Property Owners Brace For Constitution Pipeline Eminent Domain
“With the sugaring season ahead, the Holleran family should be installing sap-gathering lines on the mature maple trees growing on their property on Three Lakes Road.
They’re not going to bother this year. They don’t see a point in tapping trees that could soon fall to the chainsaws of Constitution Pipeline Co., which covets a strip of their land roughly 125 feet wide to build a natural gas pipeline to New York.
After two years of planning, public comment and government reviews, Constitution is anxious to get started. The maps are drawn. The pipe is stacked. More than a thousand people are ready to work.
The company needed 130 parcels in Pennsylvania and obtained almost all of them. The only things standing in the way of its Pennsylvania work are the Hollerans and six other holdouts.
In December, the Federal Energy Regulatory Commission, the agency in charge of approving interstate gas pipelines, gave Constitution its approval to build the brand-new 126-mile line from Susquehanna County to Schoharie County, New York. The FERC’s approval gave Constitution eminent domain power under the Natural Gas Act to acquire easements on properties it picked for the pipeline route.
The company is a joint partnership among Williams Companies, Cabot Oil & Gas Corp., Piedmont Natural Gas Co. and WGL Holdings.
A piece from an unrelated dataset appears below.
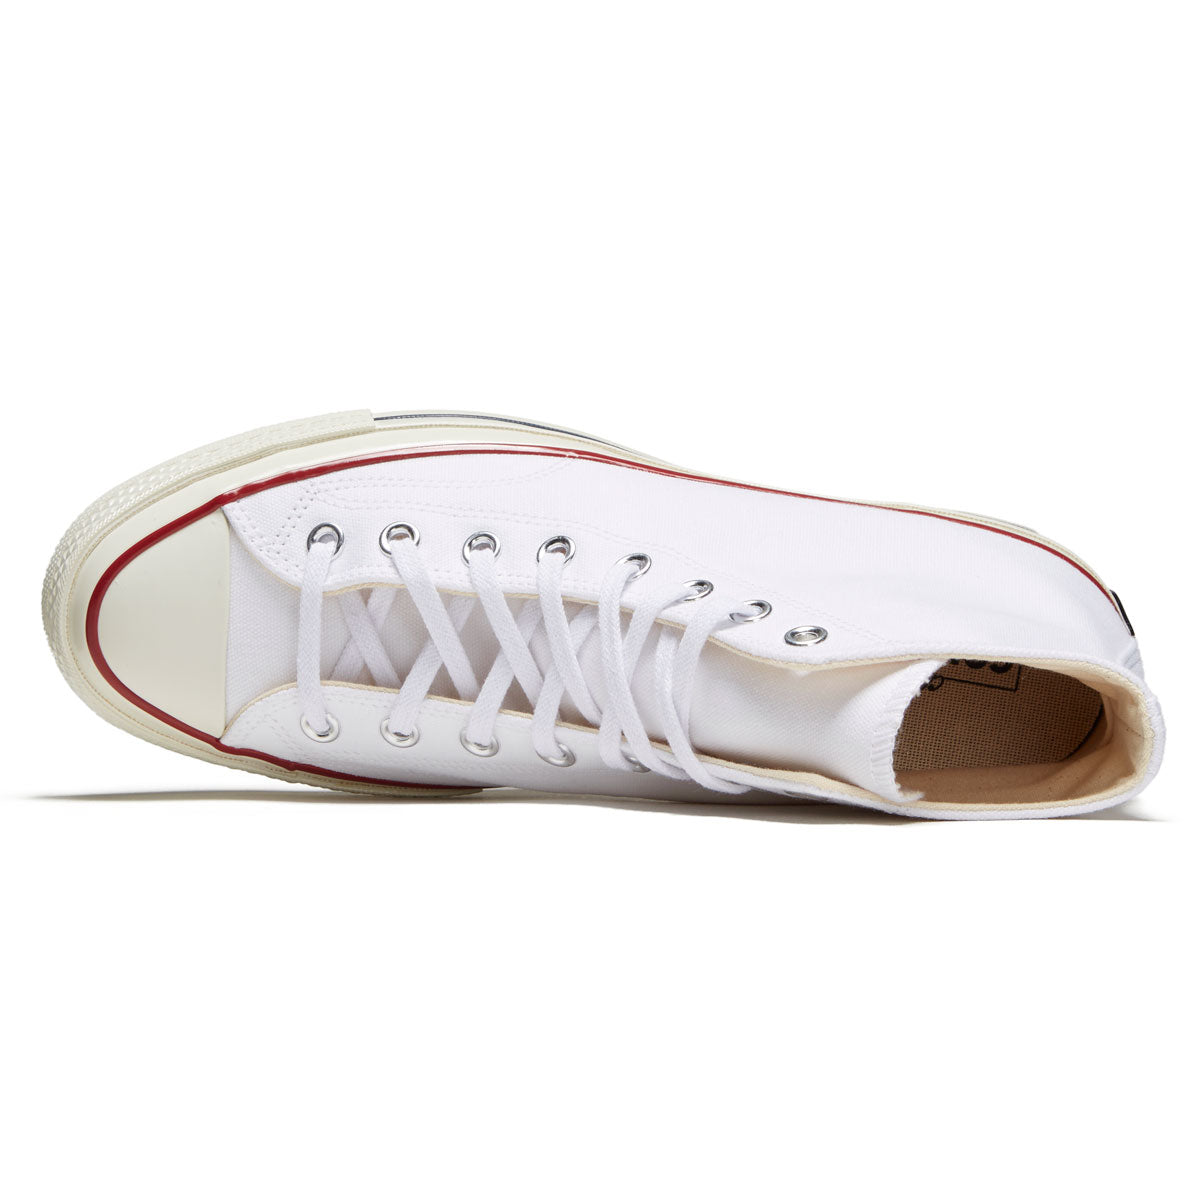 Converse Chuck 70 Hi Shoes - White/Garnet/Egret image 3

The roughly $700 million pipeline would ship 650 million cubic feet of gas per day to markets in New York and New England.
Constitution must compensate the Hollerans and any other landowners whose properties it seeks to condemn. But that process takes time, and Constitution isn’t interested in waiting.
Arguing any delays would cost them hundreds of thousands of dollars a day, Constitution’s lawyers appeared Friday in federal court in Scranton seeking an emergency preliminary injunction that would grant access to the properties to complete surveying and begin cutting trees.”
Gibbons, Brendan. Power Source 16 February 2015.